How language learning factors in
The way learning works on the app is both similar and different to how children pick up new languages. One of the similarities is the idea of exposure and input. “You need lots of experience in doing things with the language,” Blanco says. This is easy for kids who hear how the language is used at home and at school by adults, family, and friends.
“It is really hard for grownups. That’s also motivated some of the development of the app,” she notes. “We know exposure and input is really important. So we’ve tried to make it really fun and easy to get back into the language so you can do it for 5 minutes on your commute, you can do it just before going to bed, you don’t need to block out this hour of classroom time.”
In addition to exposure, Duolingo will also start users on “receptive” exercises, where users are receiving the new language, but don’t have to respond yet.
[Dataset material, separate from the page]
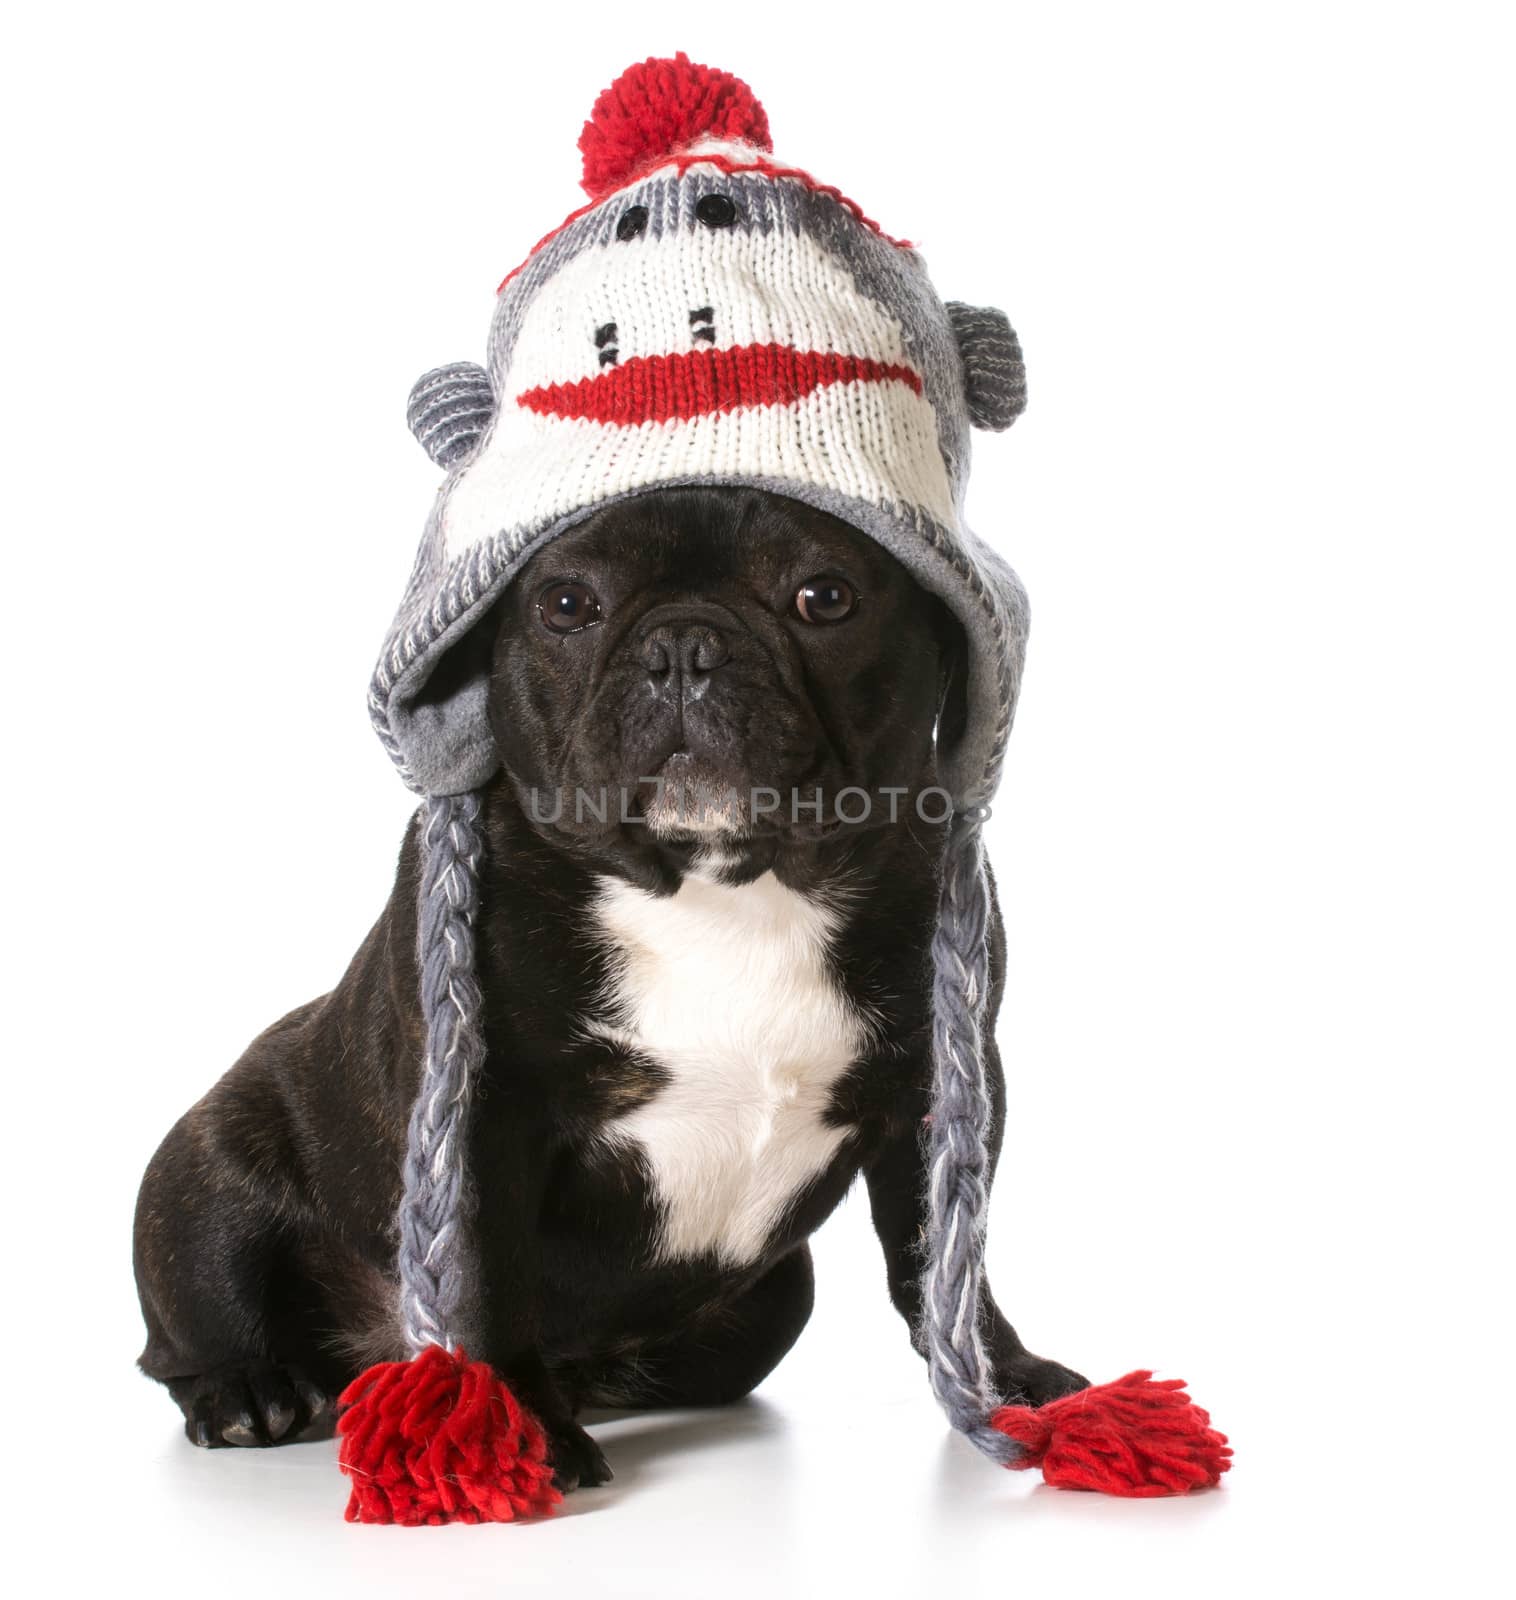 french bulldog wearing winter hat

And as they continue to work through the lessons, they’ll get more “productive” exercises where they have to write out translations and responses or speak the words.
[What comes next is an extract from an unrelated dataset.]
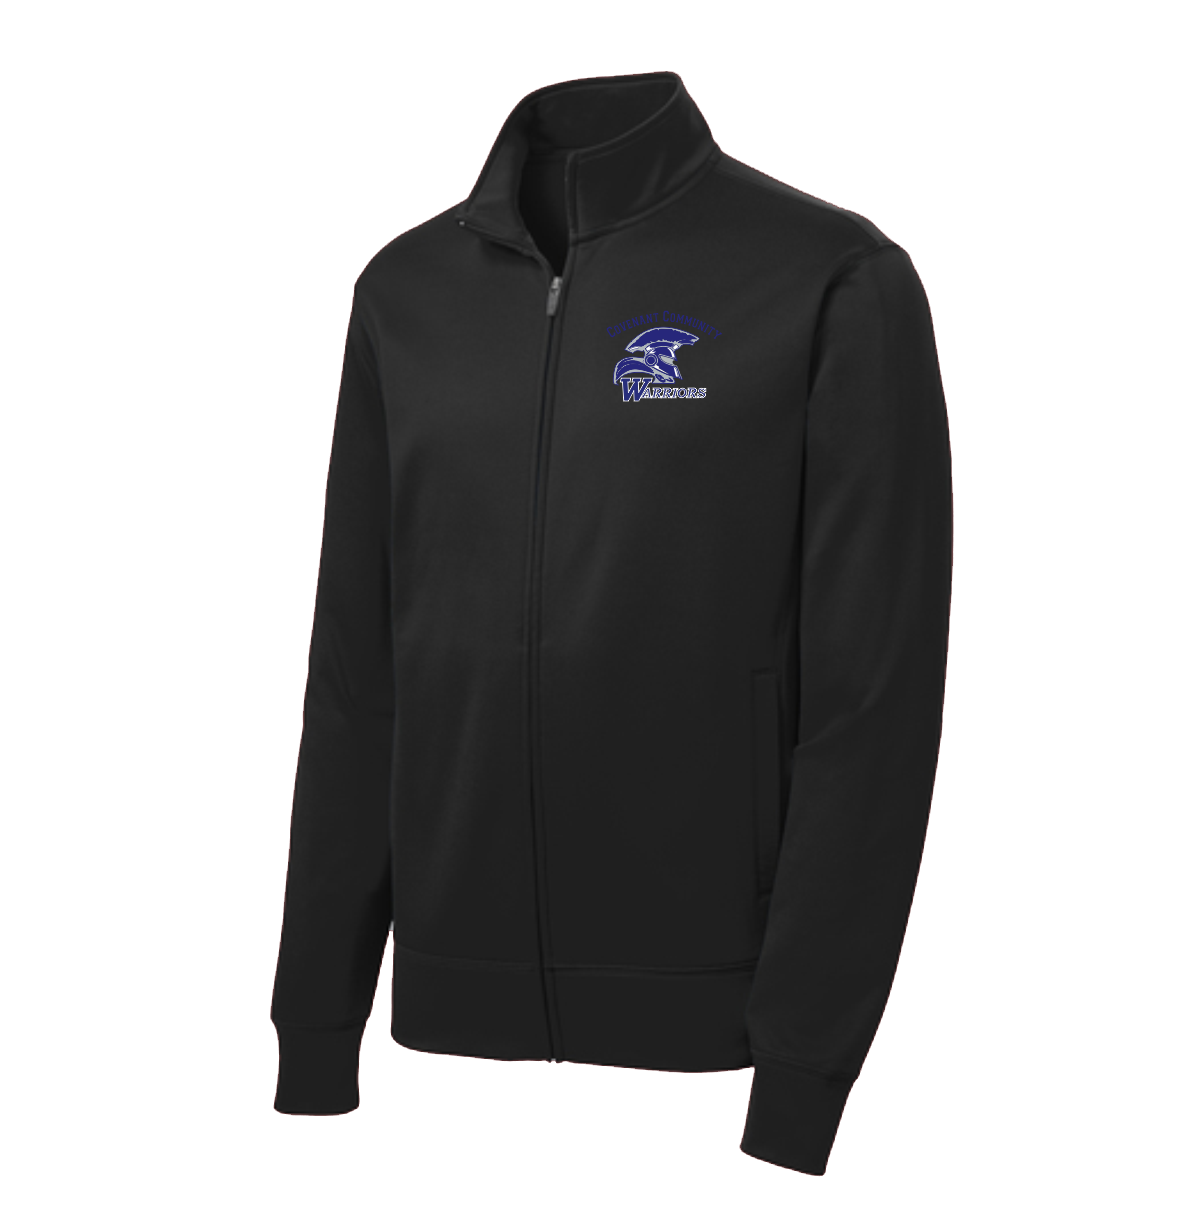 Covenant Community Warrior’s Zip Jacket – The League Brand

The tech not only grades users but can rate how difficult different exercises are and use that to determine the order of lessons throughout the experience.
“There’s some general things we know about difficulty that are true across the board. Receptive [exercises], translating to English, that’s going to be easier for everybody,” Blanco says. “But based on your personal pattern of mistakes and errors, it figures out what exercises have been tricky for you, what vocabulary and grammar you have more difficulty with, and we can personalize based on your particular learning pattern.”
Another characteristic they borrowed from how kids learn is something they call implicit teaching. This is the idea that not every single word in a sentence needs to be translated and memorized, and that as users engage with the content, and the lessons, they will start to notice the order of words in the sentences and deduce how the grammar works in each context.
[Related: MIT scientists taught robots how to sabotage each other]
“There’s just no way we can make the adult experience as efficient as it is for kids. Kids have no jobs, they have tons of time, they have lots and lots of people around them,” says Blanco. “For adults, we’ll never be able to create that experience. But there are things we can do to speed it up.”
That’s by pairing implicit learning with more explicit instructions, corrections, or feedback. “In our bigger courses, like the French course, you’ll get more tips and information about different kinds of mistakes,” Blanco says. “We know implicit gets you to learn more types of information, but we know that we need to supplement.” The algorithm helps set how often these explicit comments appear, and on which errors. For example, it can discern between a simple typo with a bigger grammar issue.
What Duolingo is working on
Blanco thinks that a lot of new tech developments have made challenges like speech recognition easier. But the model they use is different from a typical language model. “Part of it is because our use case is really different from technology that might be used in customer service chat apps,” she says, since Duolingo’s users are inherently not proficient native speakers of the languages they’re choosing to learn. “Customer service chats are looking for particular keywords, but they’re also expecting certain kinds of phrasing and grammar.” Their algorithm expects certain types of errors.
It’s a work in progress. The team is experimenting with moving the tech away from just translating, even though that’s more easy computationally to do.
“I feel the next frontier for us in effective language teaching is what we do with open ended speech and open ended questions,” she says.